Мозаичная карта из с. Мадаба (Мадеба). VI в. 32 страница



Стиль Иоанна претенциозен: он хочет быть красноречивым, но для этого ему решительно не хватает литературных данных. Убедительность речи заменяется у него необычайным многословием, в котором незаметно достаточного навыка к логическому мышлению: чувствуется полное отсутствие серьезной грамматической и риторской школы.

С точки зрения стиля, приемов изложения и даже фразеологии наибольшее влияние на Иоанна Эфесского оказал Феодорит Киррский, с которым он был знаком, видимо, через «Трехчастную историю» Феодора Чтеца.

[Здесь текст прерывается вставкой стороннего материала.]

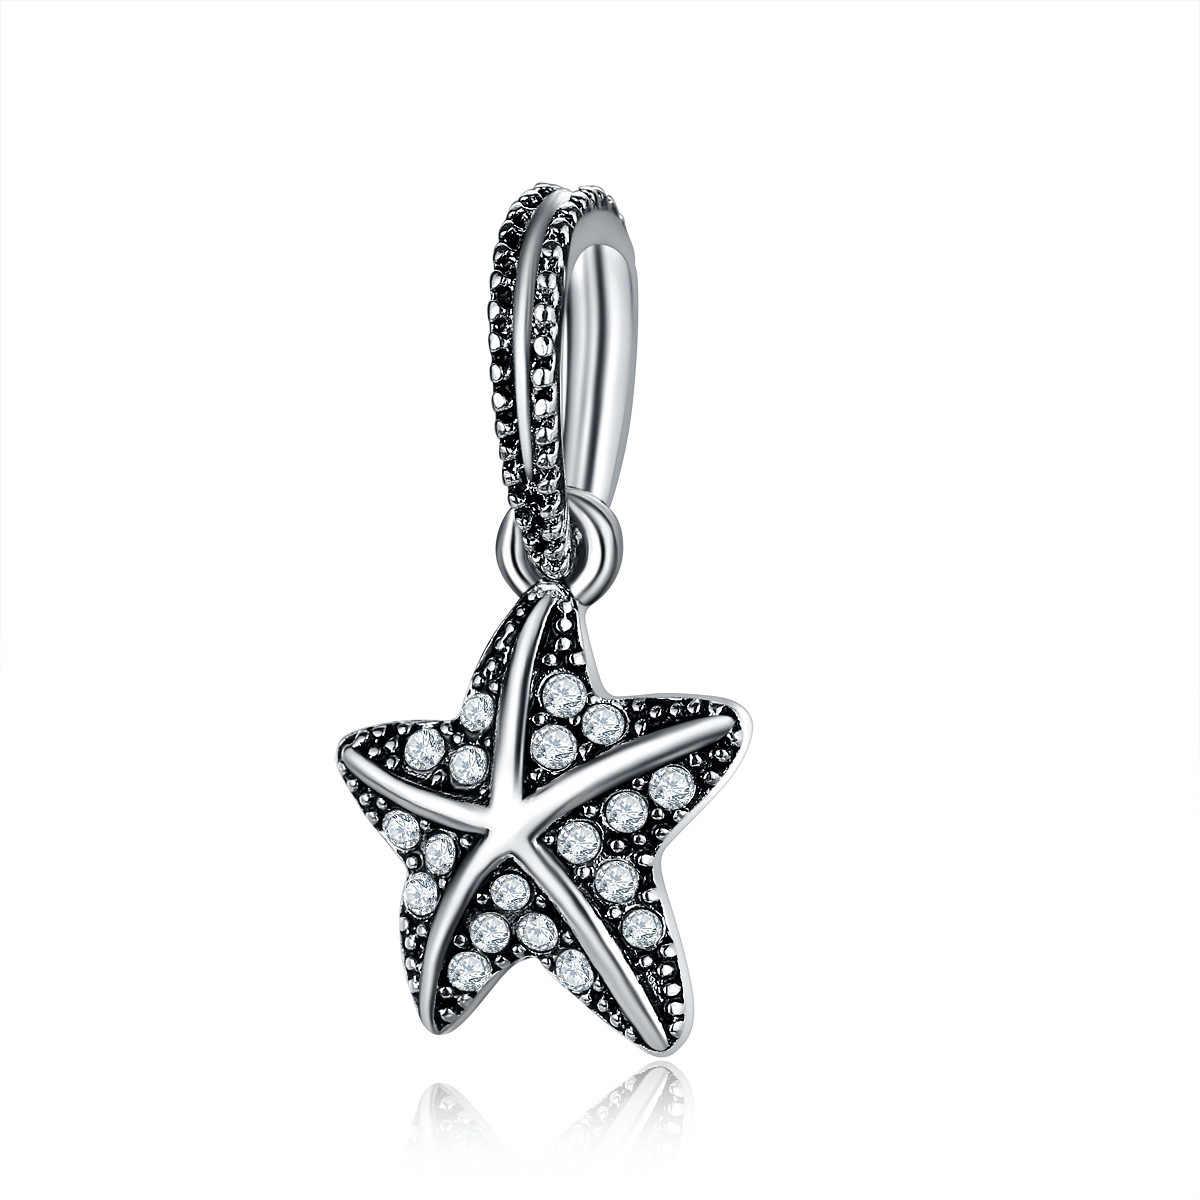 สีดำพราว Tropical Starfish Charm แท้ 925 เงินสเตอร์ลิง CZ Charm ผู้หญิงเครื่องประดับฤดูร้อนของขวัญ

Значение «Церковной истории» Иоанна Эфесского как исторического источника бесспорно. Его эпоха, особенно в области церковной истории, весьма скудно отражена в греческих источниках. Поэтому рассказы очевидцев, притом освещающие события с новой точки зрения, получают громадную важность. «История» Иоанна Эфесского тенденциозна, но эта тенденциозность, вытекающая скорее из чувства, чем из рассудка, порой имеет наивный, а не злонамеренный характер, и поэтому увидеть за ней истину нетрудно. Кроме того, она и сама по себе представляет большой исторический интерес, так как отражает не только личные симпатии или антипатии автора, но и настроения общественной среды, к которой он принадлежал.

По содержанию «Церковная история» Иоанна Эфесского имеет отношение главным образом к истории монофиситства в последней стадии его развития, причем в ней раскрываются не столько догматические, сколько историко-культурные и отчасти социальные его основы. Но этим значение «Церковной истории» Иоанна не исчерпывается. Она освещает последний акт борьбы христианства с язычеством, давая представление о социальных и идеологических основах этой борьбы.

В собственно сирийской историографии Иоанну Эфесскому принадлежит заметное место. Правда, он не был первым сирийским церковным историком, ибо ему уже предшествовал и послужил для него источником Псевдо-Захария. Однако он был первым сирийским историком, написавшим, пусть и не вполне совершенную, но все же прагматическую историю, имевшую прочную источниковедческую базу. Последующие истори-{240}ческие сочинения в сирийской литературе создавались уже в форме хроник.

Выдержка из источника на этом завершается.